Bradshaw made the decision to share her resignation letter to her page after she told ABC News that when she quit, she felt that no one in the school cared.

“…they just closed the door,” Bradshaw said to ABC News.

Prior to quitting, she said she did what she could “within the system” to address her issues with Florida’s curriculum and the education system in general- a system she calls full of practices “which are not only ineffective but actively harmful to child development and the learning process.”

She describes in her letter of resignation how her special needs children have been forced to cry with frustration “as they are asked to attempt tasks well out of their zone of proximal development.”

”My master’s degree work focused on behavior disorders, so I can say with confidence that it is not the children who are disordered,” she said in her post.

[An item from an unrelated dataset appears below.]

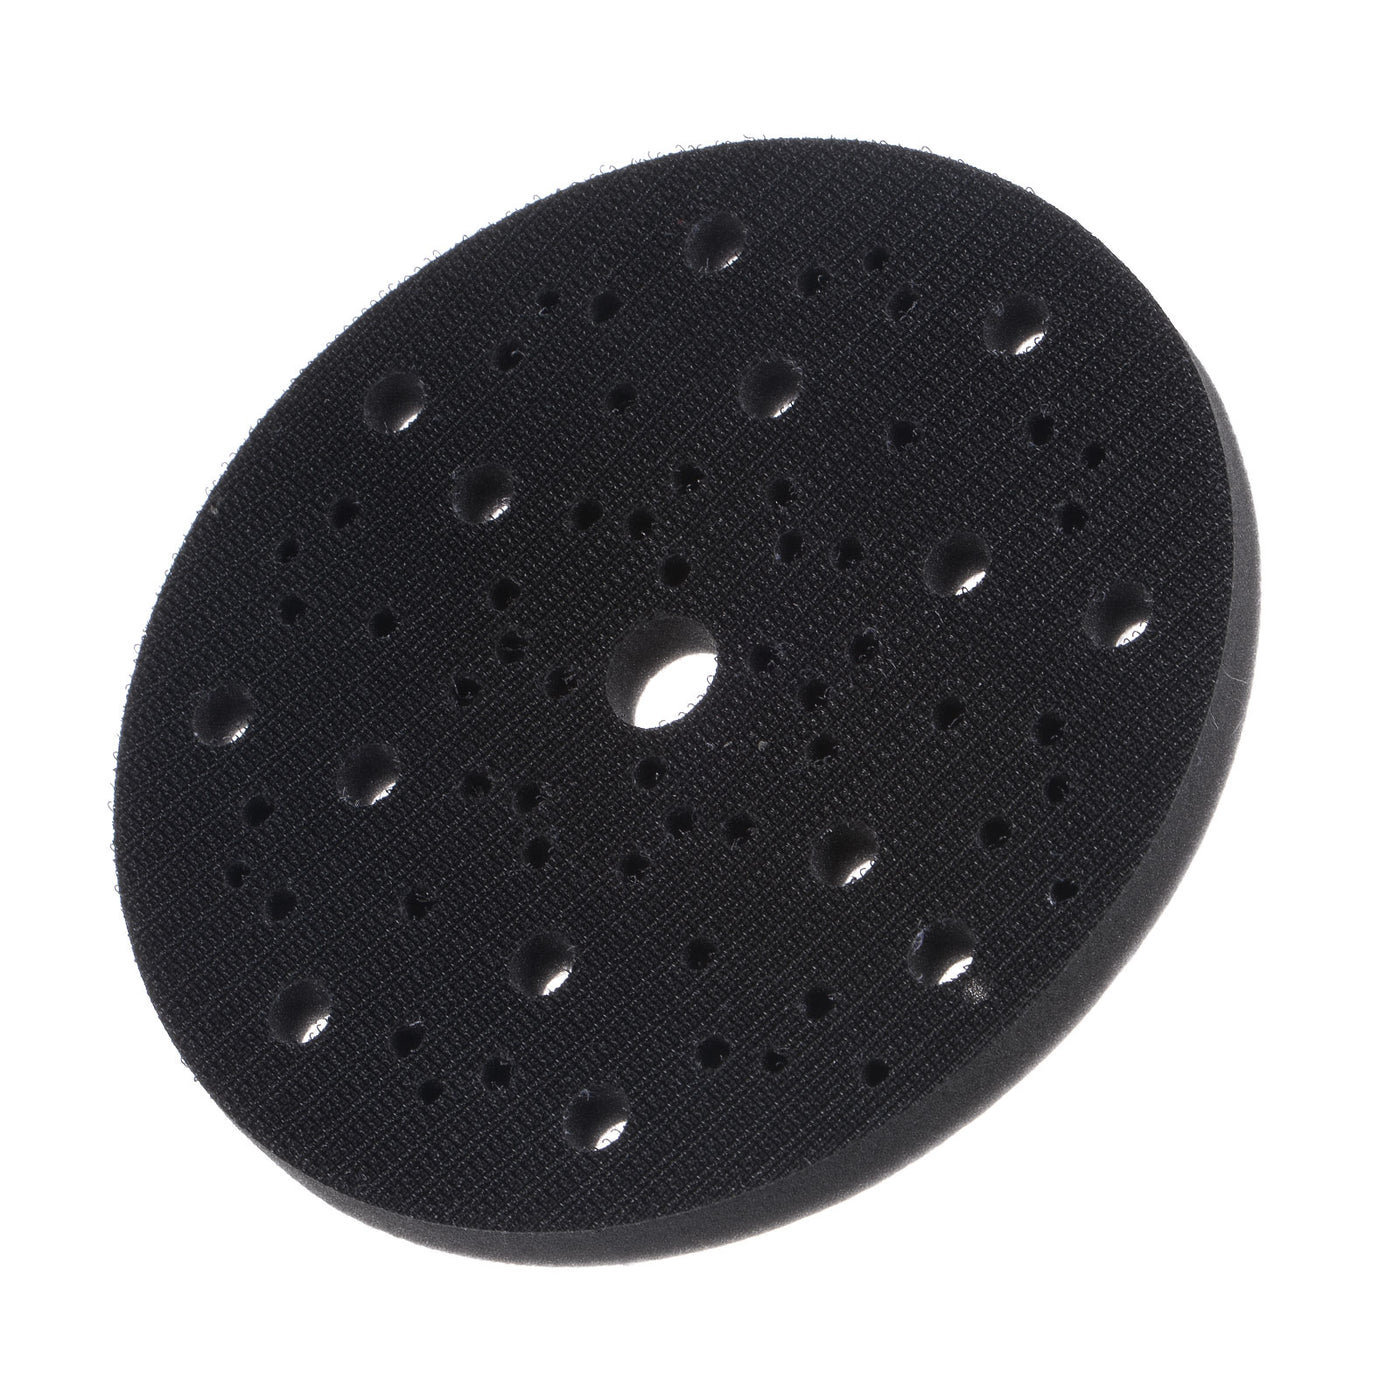 uxcell Uxcell 6 Inch 53 Holes Sponge Interface Pad Soft Density Hook and Loop Cushion Buffer Backing Pad for Electric Sander

The disorder is in the system which requires them to attempt curriculum and demonstrate behaviors far beyond what is appropriate for their age The disorder is in the system which bars teachers from differentiating instruction meaningfully, which threatens disciplinary action if they decide their students need a five minute break from a difficult concept, or to extend a lesson which is exceptionally engaging. The disorder is in a system which has decided that students and teachers must be regimented to the minute and punished if they deviate. The disorder is in the system which values the scores on wildly inappropriate assessments more than teaching students in a meaningful and research based manner.

In a response to her letter, Polk County Public Schools released a statement wishing Bradshaw the best and thanking her for her time, but said it would not be doing any interviews in response to the “personal matter of her decision,” said ABC News.

Bradshaw is not the first special education teacher to speak out against the curriculum required for special needs students, specifically through standardized testing.

In June, New York special education teacher Brian Zorn wrote a post for The Wall Street Journal where he said that Common Core and standardized testing was leaving his students behind.

Zorn described New York "statewide exams as 'six horrific days’ in his classroom [where] students who had begun to improve and build confidence throughout the year were forced to attempt to answer questions above their grade level.” 

Like Bradshaw, Zorn said that standardized tests reduced his special needs students to tears- succumbing to frustration after at-times not being able to understand a single question on the mandated exams.

See Bradshaw’s full resignation letter below:



Today I resigned from the school district. I would like to share with you what I gave them. Feel free to share it if it...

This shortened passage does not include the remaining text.